Novel Instance Detection and Segmentation (NIDS) aims at detecting and segmenting novel object instances given a few examples of each instance. We propose a unified framework (NIDS-Net) comprising object proposal generation, embedding creation for both instance templates and proposal regions, and embedding matching for instance label assignment. Leveraging recent advancements in large vision methods, we utilize the Grounding DINO and Segment Anything Model (SAM) to obtain object proposals with accurate bounding boxes and masks. Central to our approach is the generation of high-quality instance embeddings. We utilize foreground feature averages of patch embeddings from the DINOv2 ViT backbone, followed by refinement through a weight adapter mechanism that we introduce. We show experimentally that our weight adapter can adjust the embeddings locally within their feature space and effectively limit overfitting. This methodology enables a straightforward matching strategy, resulting in significant performance gains. Our framework surpasses current state-of-the-art methods, demonstrating notable improvements of 22.3, 46.2, 10.3, and 24.0 in average precision (AP) across four detection datasets. In instance segmentation tasks on seven core datasets of the BOP challenge, our method outperforms the top RGB methods by 3.6 AP and remains competitive with the best RGB-D method.

Framework

NIDS-Net.

Foreground Feature Averaging (FFA)

FFA is used to generate the initial embeddings in our framework. Foreground Feature Averaging.

Detection Example

Demo detection results on real datasets, High-resolution and RoboTools.

BOP Leaderboard

Ranked #1: Model-based 2D segmentation of unseen objects – Core datasets.

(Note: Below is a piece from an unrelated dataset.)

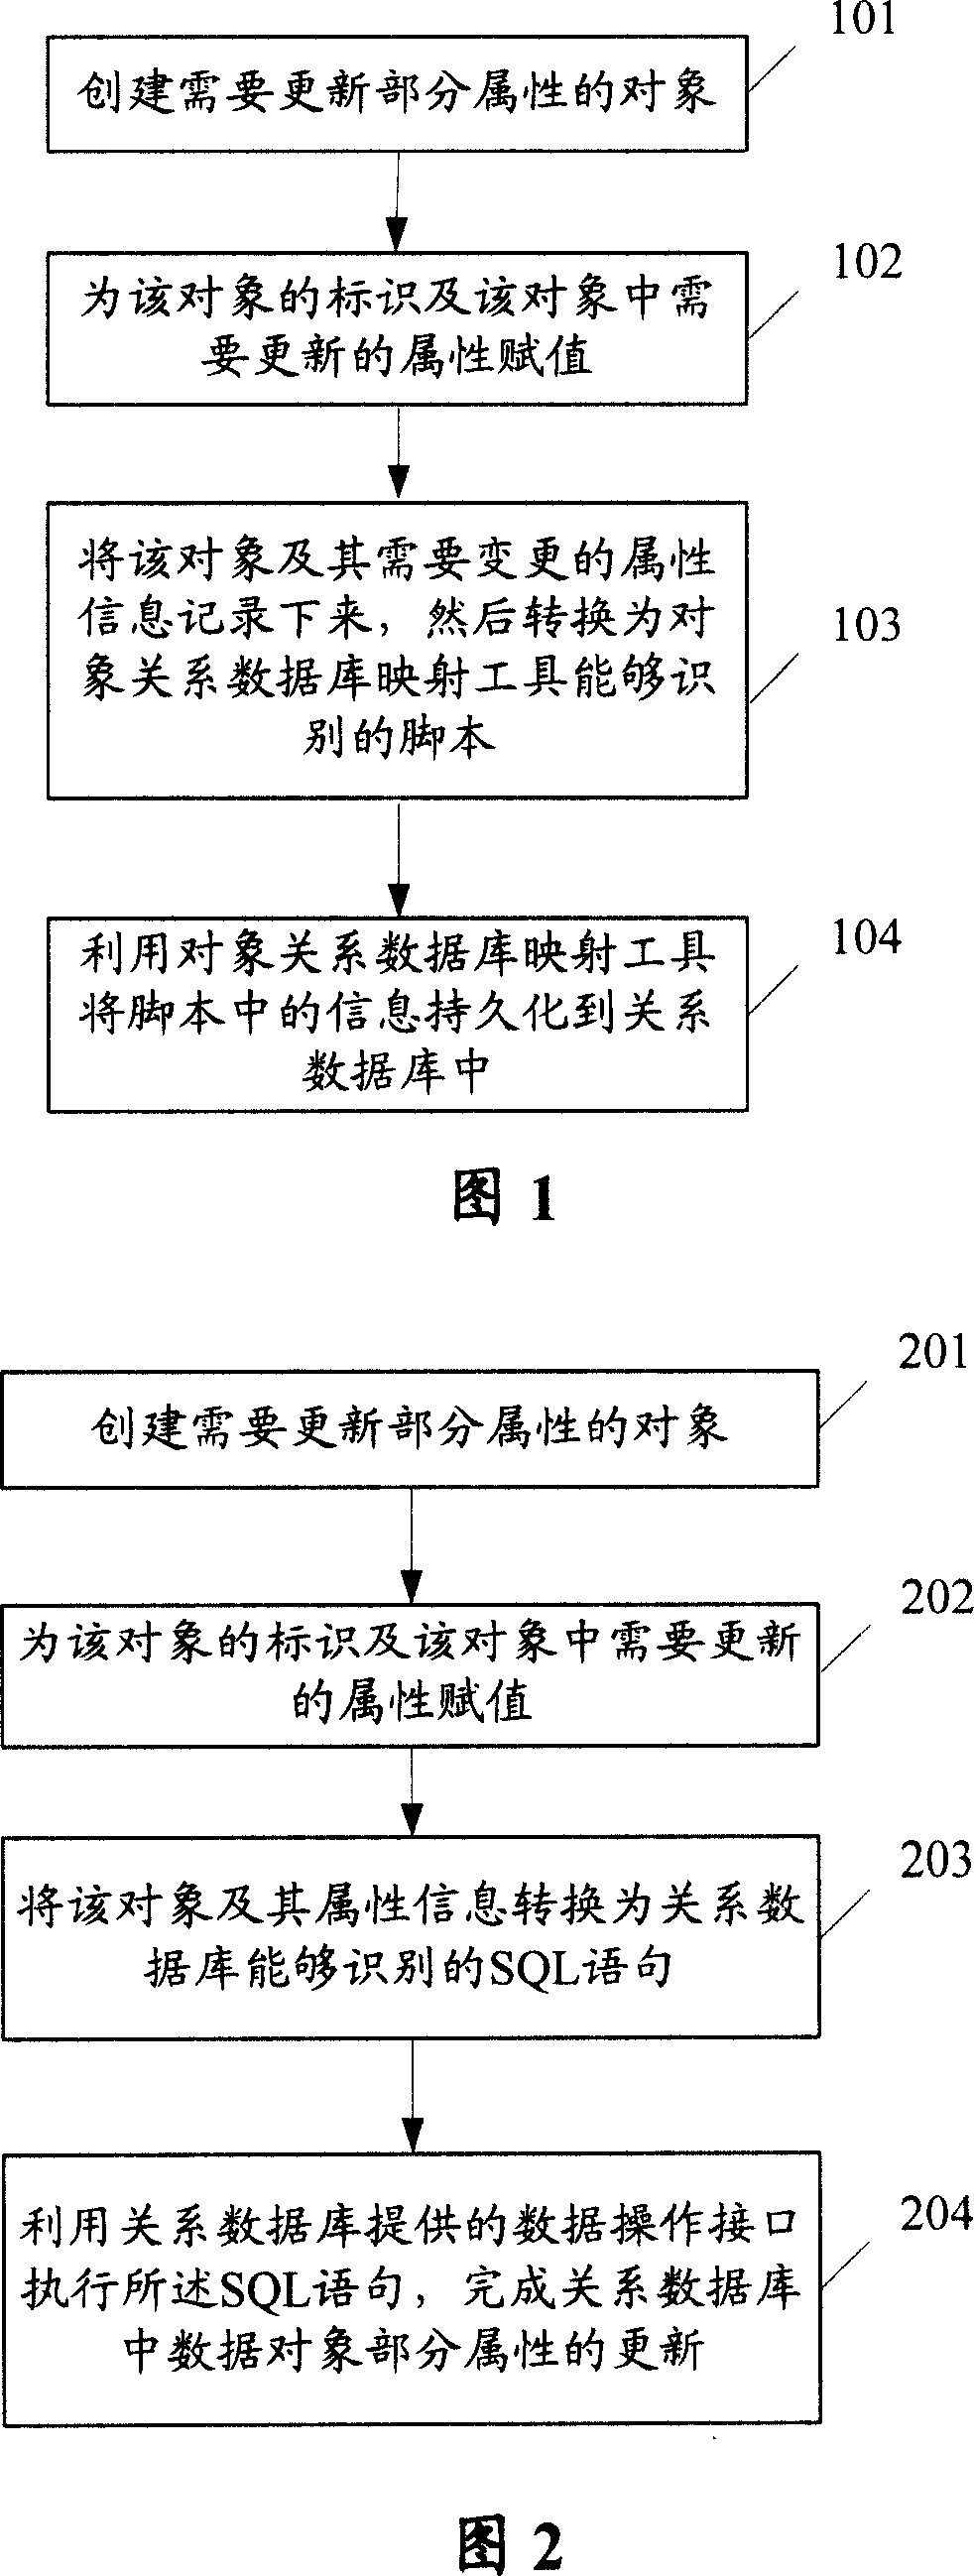 Method and apparatus for updating object local attribute to related data bank

BOP Segmentation Leaderboard.

Segmentation Example

BOP Segmentation Example.

Getting Started

We prepare demo google colabs: inference on a high-resolution image and Training free one-shot detection.

Prerequisites

  • Python 3.7 or higher (tested 3.9)
  • torch (tested 2.0)
  • torchvision

Installation

We test the code on Ubuntu 20.04.

git clone https://github.com/YoungSean/NIDS-Net.git
cd NIDS-Net
conda env create -f environment.yml
conda activate nids
conda install pytorch==2.2.1 torchvision==0.17.1 torchaudio==2.2.1 pytorch-cuda=11.8 -c pytorch -c nvidia
conda install xformers -c xformers
# Assume you have set up the global git email and user name in your git config
# if not, there may be an error when installing the following script
python setup.py install
python -m pip install 'git+https://github.com/facebookresearch/detectron2.git'
# for using SAM
pip install git+https://github.com/facebookresearch/segment-anything.git
# Use old supervision. 
pip install supervision==0.20.0 
wget https://dl.fbaipublicfiles.com/segment_anything/sam_vit_h_4b8939.pth

After installation, there will be a folder named "ckpts". Move the SAM weight to "ckpts/sam_weights/sam_vit_h_4b8939.pth".

mkdir ckpts/sam_weights
mv sam_vit_h_4b8939.pth ckpts/sam_weights

Preparing Datasets

Setting Up 4 Detection Datasets We do not need training datasets for detectors. We can use template embeddings to train the adapter.

High-resolution Dataset

This instance-detection repo provide the InsDet-Full.

cd $ROOT
ln -s $HighResolution_DATA database

We provide the preprocessed testing images in this link accorinding to this instance-detection. Please put them into "Data" folder as follows:

database
│
└───Background
│
└───Objects
│   │
│   └───000_aveda_shampoo
│   │   │   images
│   │   │   masks
│   │
│   └───001_binder_clips_median
│       │   images
│       │   masks
│       │   ...
│   
│   
└───Data
    │   test_1_all
    │   test_1_easy
    │   test_1_hard

RoboTools, LM-O and YCB-V

VoxDet provides the datasets. Save and unzip them in '$ROOT/datasets' to get "datasets/RoboTools", "datasets/lmo", "datasets/ycbv".

Usage

You can directly use the demo google colabs: inference on a high-resolution image and Training free one-shot detection.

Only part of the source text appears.